Pessoas importantes na história são normalmente comemoradas em seus aniversários. Mas alguns têm aniversários desconhecidos, tornando essa tradição difícil de honrar. Por exemplo, Adam Smith, o economista mais famoso da história, ilustra essas dificuldades. Algumas fontes listam seu nascimento em 16 de junho de 1723, enquanto outras o colocam em 5 de junho daquele ano (devido ao uso de diferentes calendários). Outros ainda dizem que não sabemos quando ele nasceu, mas dão uma dessas datas como quando ele foi batizado, do qual temos um registro.

Apesar desse problema, temos certeza de que este ano é o tricentenário do nascimento de Adam Smith, tornando este um momento muito apropriado para lembrá-lo e celebrar seus valiosos insights. 

Prevejo alguns artigos sobre as contribuições de Smith para a compreensão econômica em seu 300º aniversário, como sua articulação de como a “mão invisível” das interações de mercado pode coordenar uma sociedade baseada na liberdade – isto é, propriedade privada e troca voluntária – de forma mais eficaz do que o poder coercitivo do Estado. Citando Smith, “Ao perseguir seu próprio interesse, ele frequentemente promove o da sociedade de forma mais eficaz do que quando realmente pretende promovê-lo”. Então, pensei em me afastar um pouco dos caminhos já conhecidos e considerar sua magistral refutação preventiva a décadas de alegações de que os arranjos voluntários de mercado (ou capitalismo, um termo usado para falsamente sugerir que apenas os proprietários do ganho de capital do sistema) representam uma selva de cão que come cão de uma sociedade.

Tais reivindicações circularam por tempo suficiente para se tornarem incorporadas na sociedade. Por exemplo, várias canções incluem tais frases. Mas meu exemplo favorito vem de um episódio de Cheers, quando Woody perguntou a Norm como estavam as coisas. Norm respondeu: “É um mundo de cão comendo cão, Woody, e estou usando roupas íntimas”. No entanto, mesmo quando usada de forma humorística, a frase me impressiona porque não conheço ninguém que já tenha visto um cachorro comer outro cachorro, e fazer uma analogia com algo que não acontece sendo uma coisa notavelmente fraca. Na verdade, o Oxford English Dictionary remonta a frase “dog eat dog” até 1794, mas observa que é uma corruptela do latim “canis caninam non est”, que afirmava o contrário: aquele cachorro não come cachorro.

Se, apesar dessa inadequação, essas descaracterizações dos arranjos de mercado puderem ser aceitas, isso dá àqueles que desejam avançar em suas agendas violando os direitos de propriedade das pessoas uma alavanca para descartar as montanhas de evidências em favor da coordenação social voluntária do capitalismo como, em vez disso, um sistema vicioso e feio, um processo nocivo.

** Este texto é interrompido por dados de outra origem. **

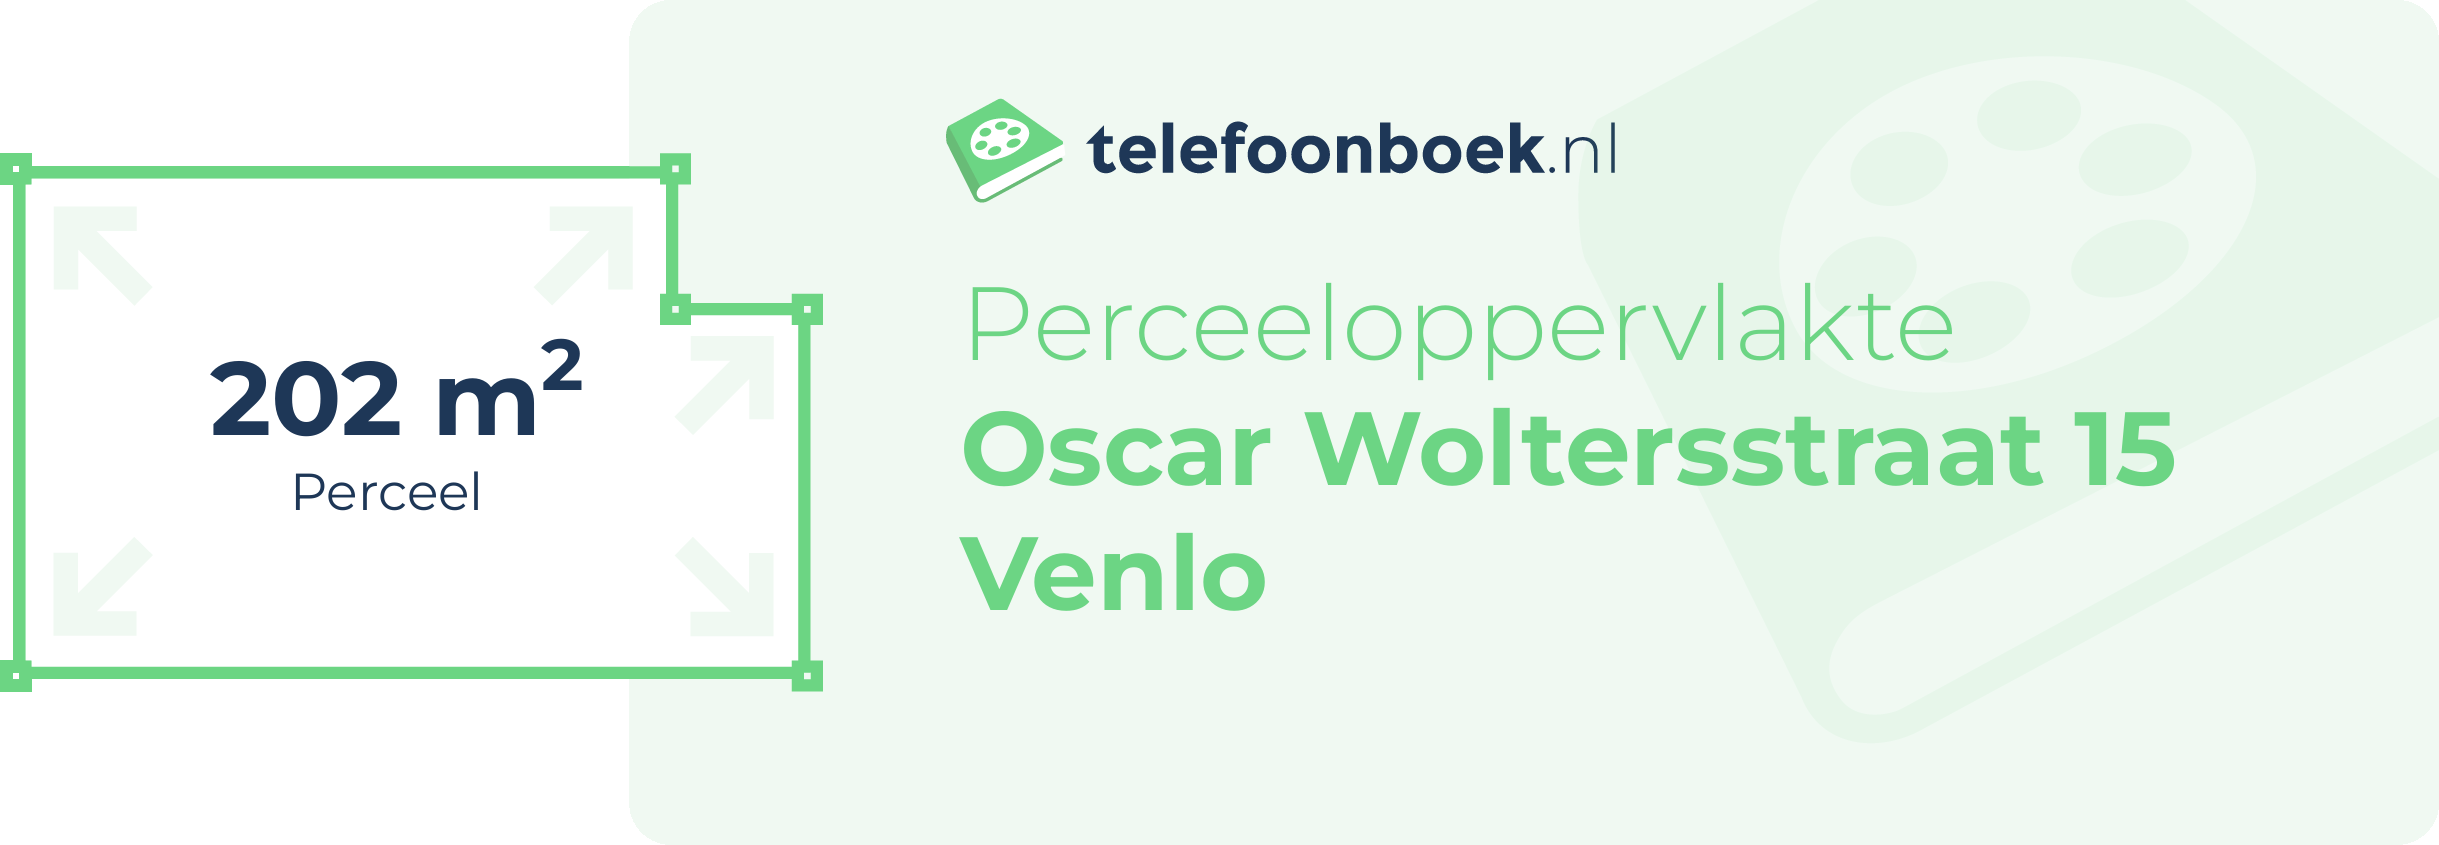 Perceeloppervlakte Oscar Woltersstraat 15 Venlo

A refutação de Adam Smith a tais afirmações vem no livro mais famoso da economia — Riqueza das Nações —, que permanece no prelo desde o ano em que os colonos americanos emitiram a Declaração de Independência. Ele aparece no Livro 1, Capítulo 2, portanto, mesmo um esforço mínimo para entender seu raciocínio levaria o leitor até lá. Além disso, uma das citações mais famosas do livro atrai a atenção no meio da discussão que “não é da benevolência do açougueiro, do cervejeiro ou do padeiro que esperamos nosso jantar, mas de sua consideração para nós nos dirigimos, não à sua humanidade, mas ao seu amor-próprio, e nunca lhes falamos de nossas próprias necessidades, mas de suas vantagens”.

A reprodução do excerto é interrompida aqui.